More posts will come after I’ve said goodbye for the last time.

What am I doing here?

My mother in law was rushed into hospital 2 weeks ago, I was still keeping in contact with her even though I’m no longer with her daughter. There have been scares before but she has pulled through, but she is tired of fighting her illnesses, bone cancer, skin cancer and lung cancer on top of pneumonia, bronchitis and asthma. I must say I really admire her refusal to give in before now but the time is right, in my humble opinion, the medical staff are unable to cure her this time and she wants to go home to die. I really don’t want her shuffling off as I enjoy her company, but when her time comes I’ll be glad for her as it will put an end to her suffering and she will, at long last, be able to sleep.

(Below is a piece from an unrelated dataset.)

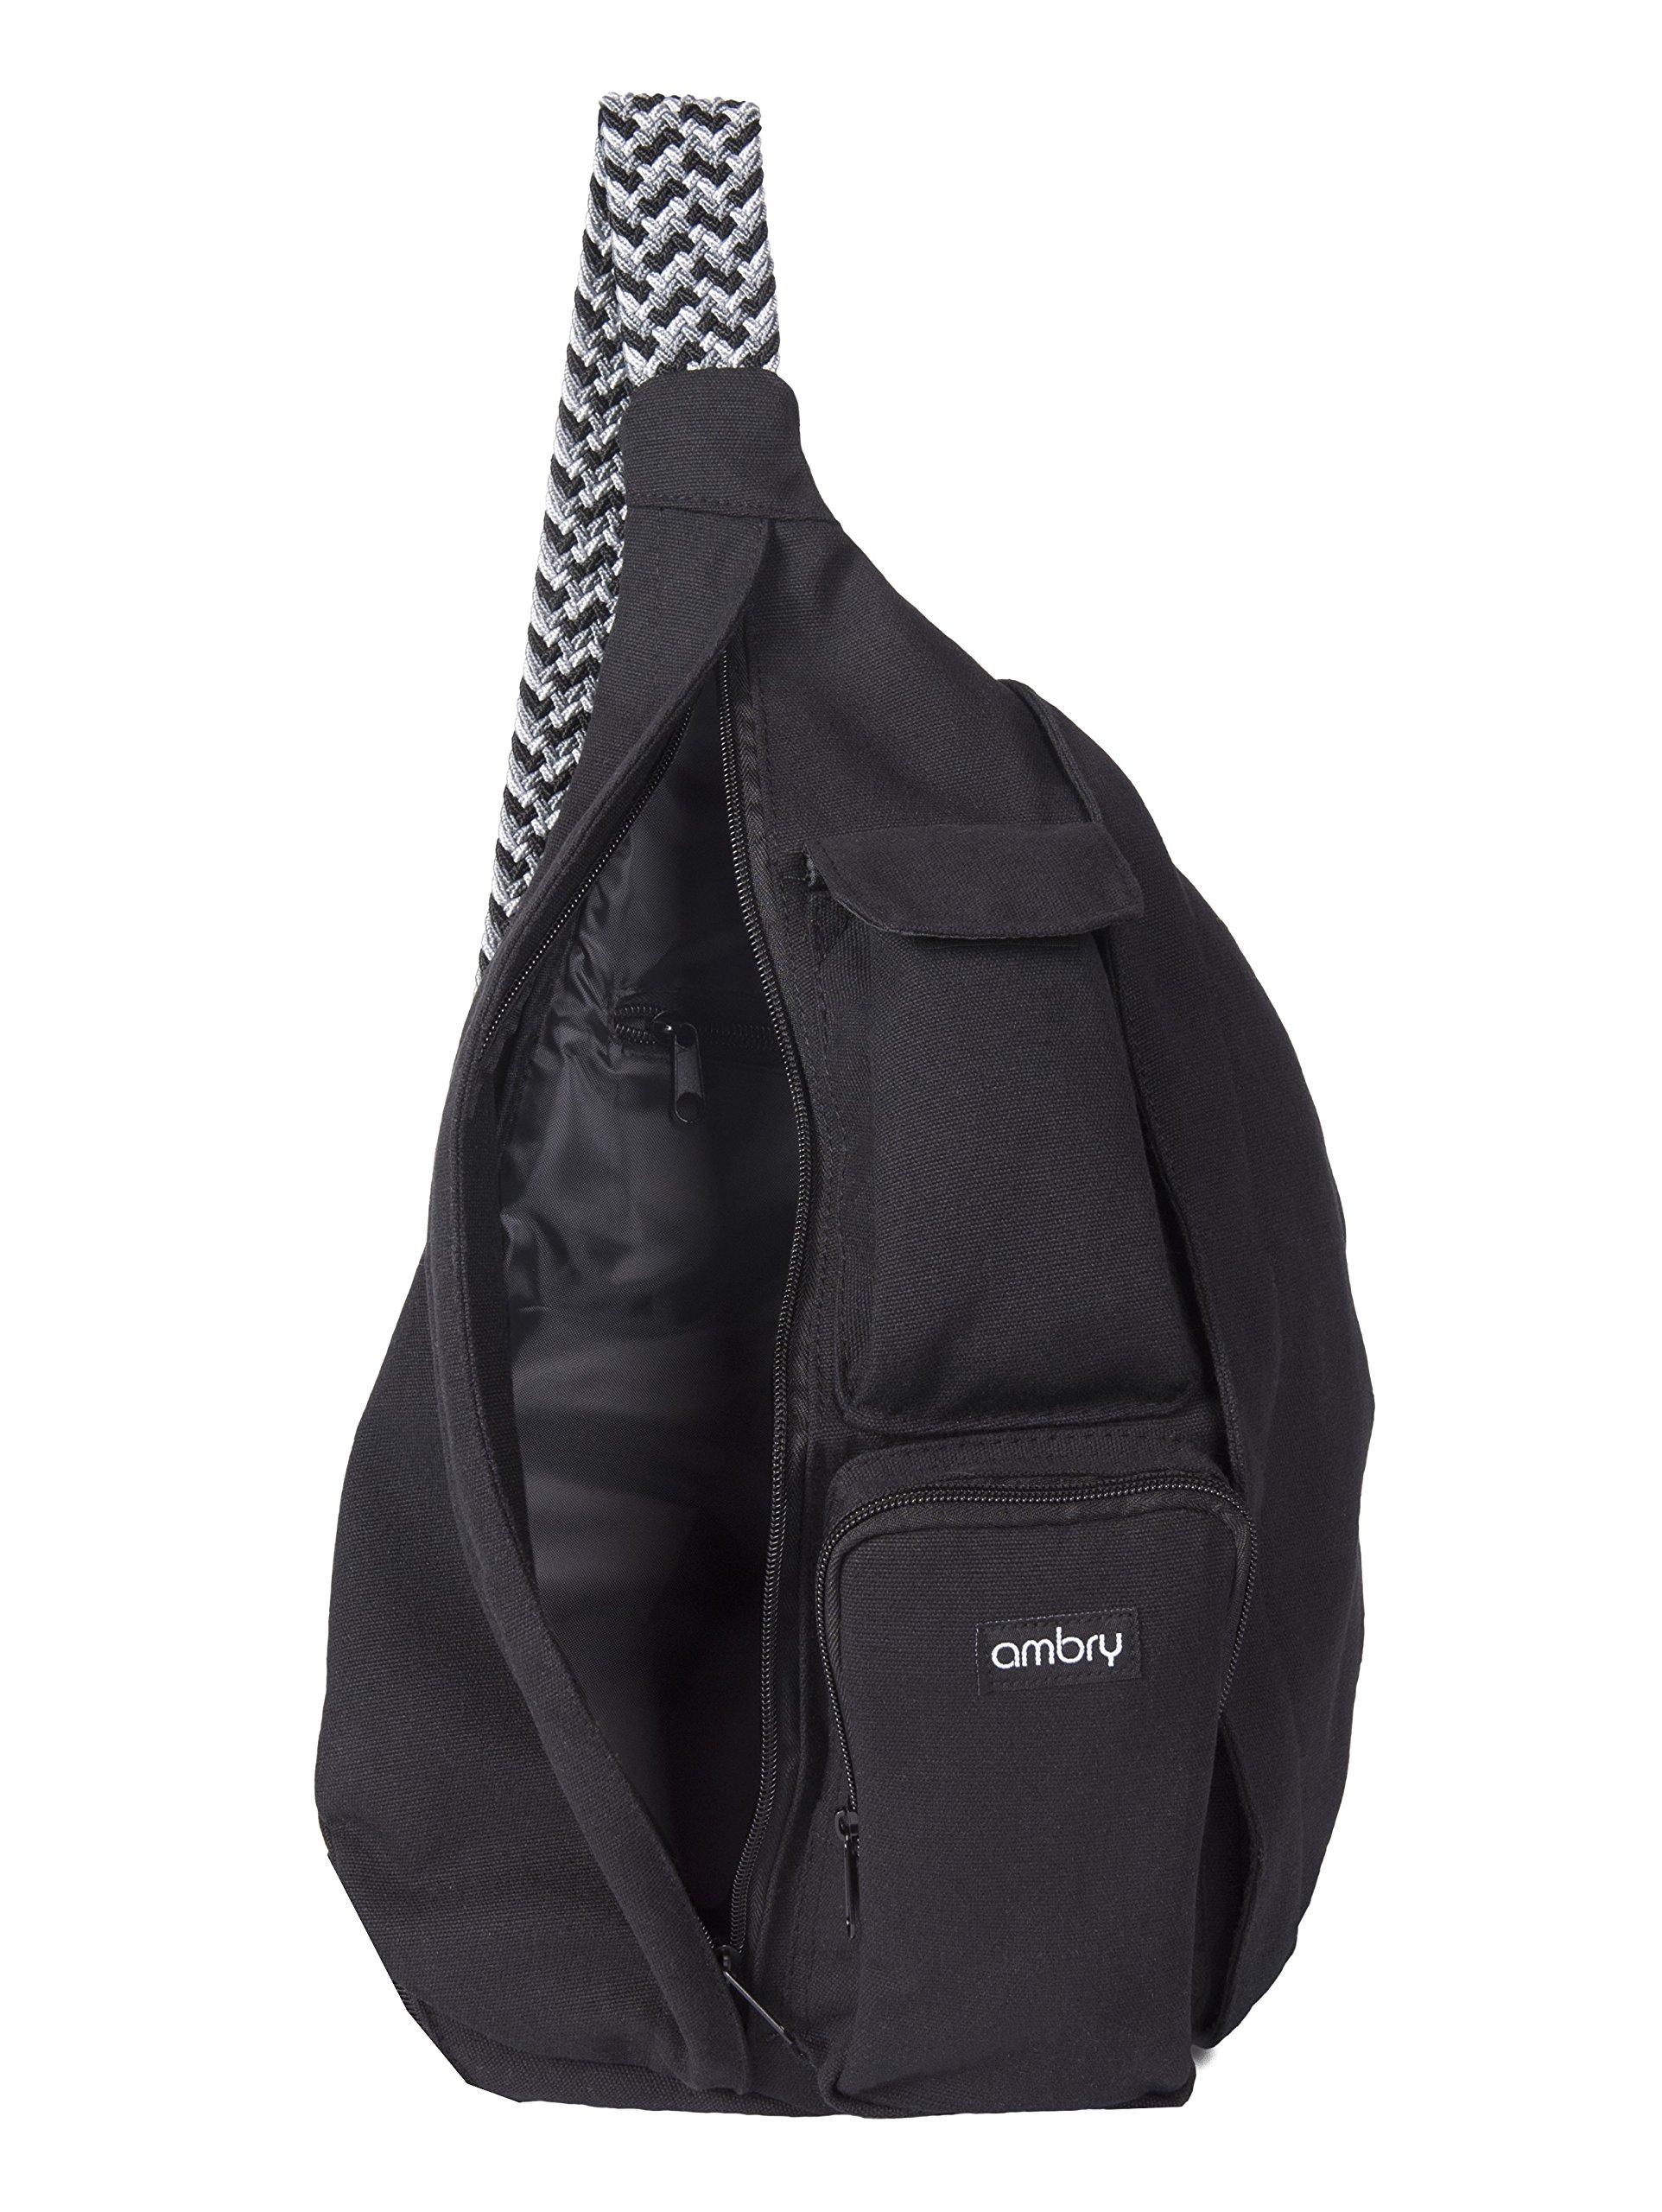 Ambry Rope Sling Bag Canvas with Adjustable Shoulder Strap Compact Backpack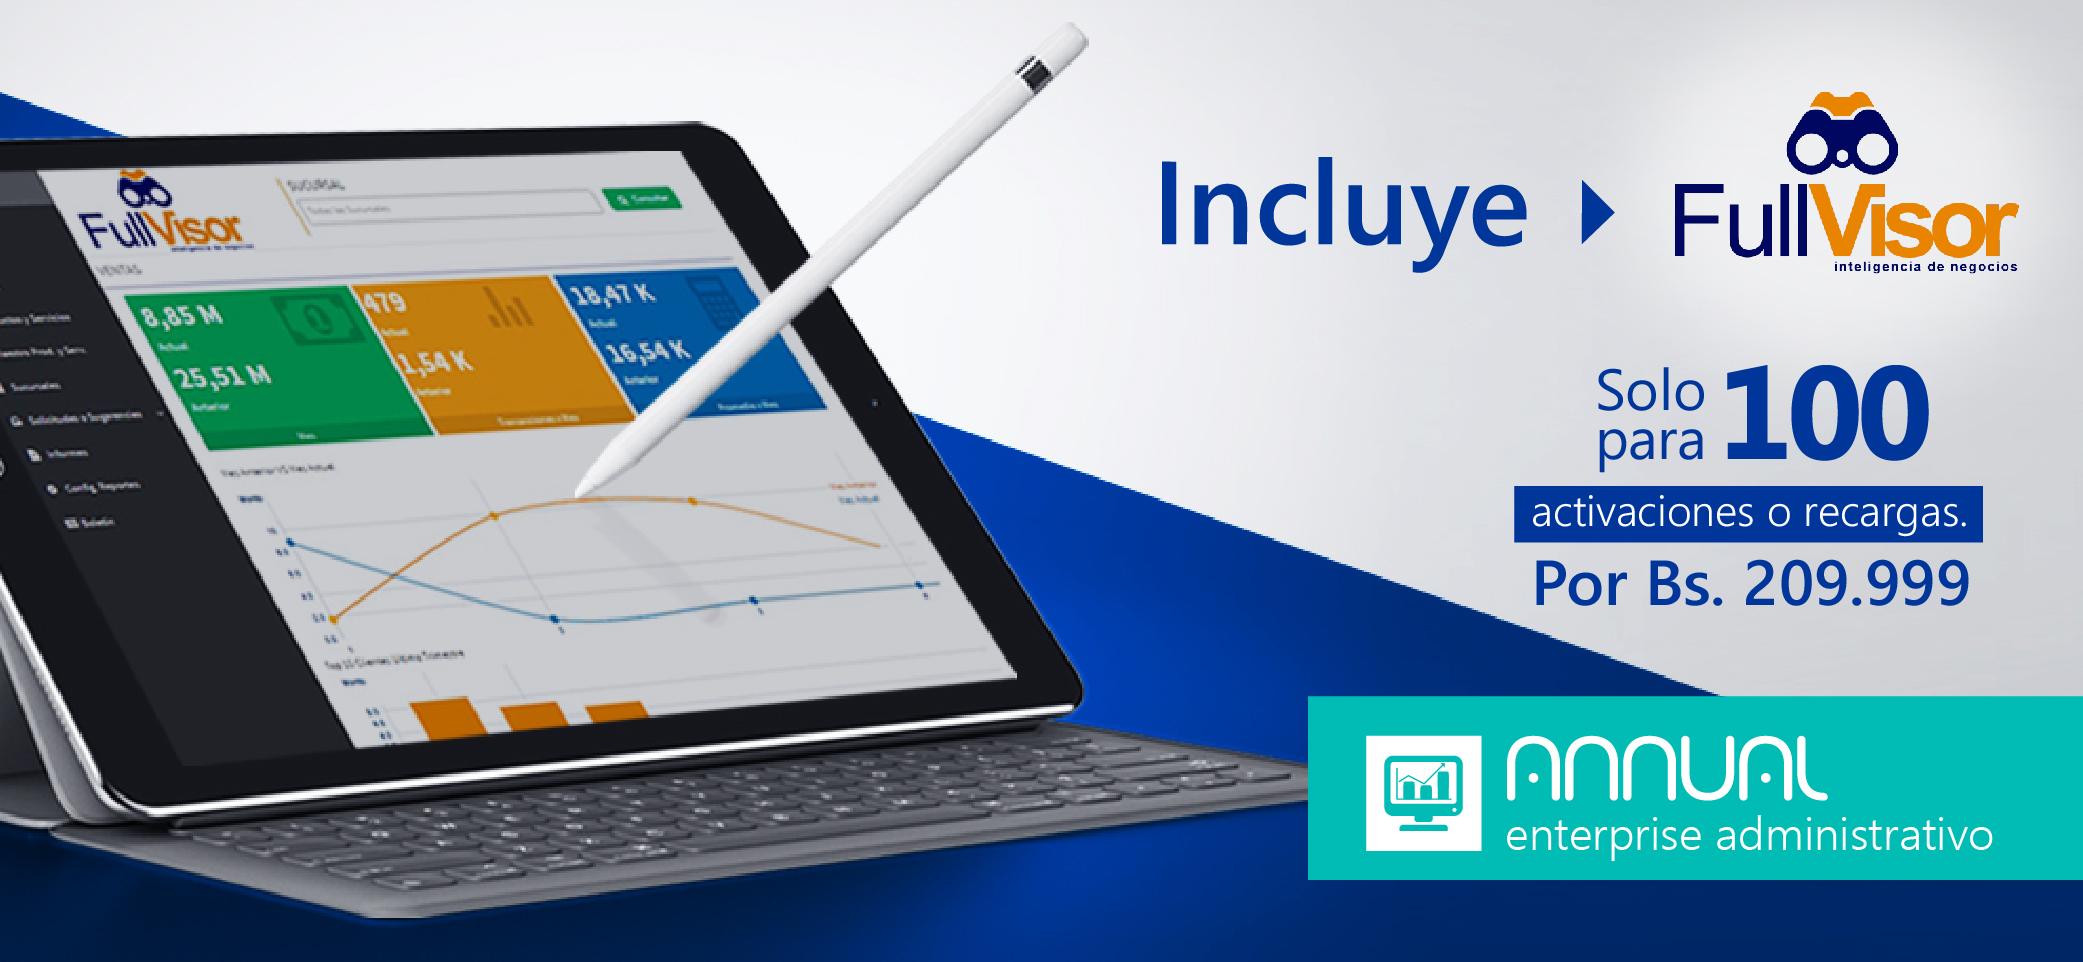 Annual enterprise incluye FullVisor (100 aplicaciones disponibles)

Shorter than normal, my dear reader, I just wanted to let you know why I’ve not been here for so long now. I may or may not wear my heart on my sleeve for all to see, but I really don’t care what others think if I suddenly burst into tears because this time is killing me watching a woman I love waiting for the end. My mum died from a heart attack because I had travelled South to pick my daughter up for the summer holidays and didn’t make it over that Wednesday to see her. My mother in law has been the closest thing I’ve known to a mother these past 13 years and I’ll be sorry to lose her, I just hope I can spend some more time with her before the end.